Unger's Bible Dictionary: Titus



TITUS. An epistle of Paul written to his trusted companion Titus, who had been left as superintendent of the churches on the island of Crete. Like the first epistle to Timothy, this letter had as its purpose to give the young pastor instructions to aid him in his work.


Occasion and Date. Paul was led to pen this epistle because of the condition of Christian work on the island of Crete, the need of Titus for help, and the fact that Zenas and Apollos were going to the island. The apostle himself had begun to organize the work in this field but had to leave before the task was finished. The entrance of false teaching in the form of legalism necessitated a strong stand for the truth. In his task Titus needed clear instruction as well as encouragement. When Zenas and Apollos planned a journey through Crete, Paul sent Titus this letter to help and encourage him (Titus 3:13). The thought and style of this epistle resemble 1 Timothy more than 2 Timothy. The date of its composition was, therefore, around A.D. 65 AD.

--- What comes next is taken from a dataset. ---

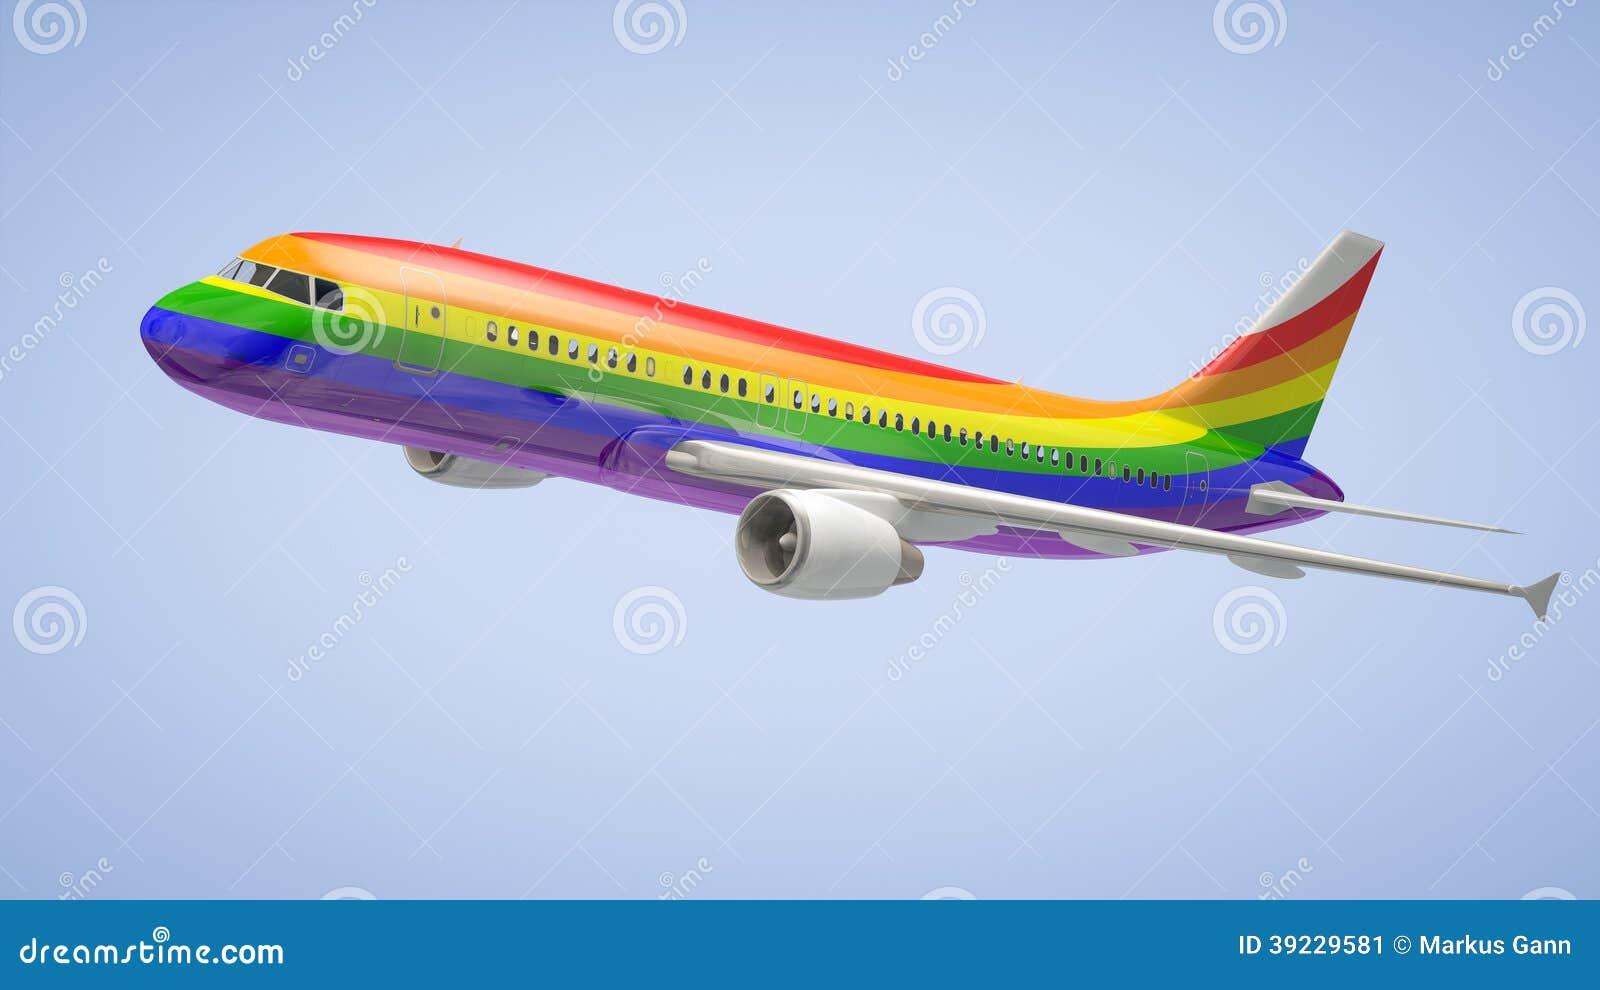 Plane Graphic Design

Purpose. (1) After an extended greeting, Titus 1:1-4, Paul urges Titus to complete the organization of the work in Crete, 1:5. (2) Paul reviews the requirements of elders, 1:6-9. (3) He urges a strong position against false teachers, 1:10-16. (4) He gives instruction concerning the various classes in home relations, 2:1-10. (5) He elucidates how a holy and godly life is made possible, 2:11-15. (6) He enjoins good citizenship, 3:1-2. (7) He reviews the reasons for godly living, 3:3-8. (8) He issues a warning against false teaching, 3:9-11. (9) He outlines his future plans, 3:12-14. (10) He dispatches greetings, 3:15.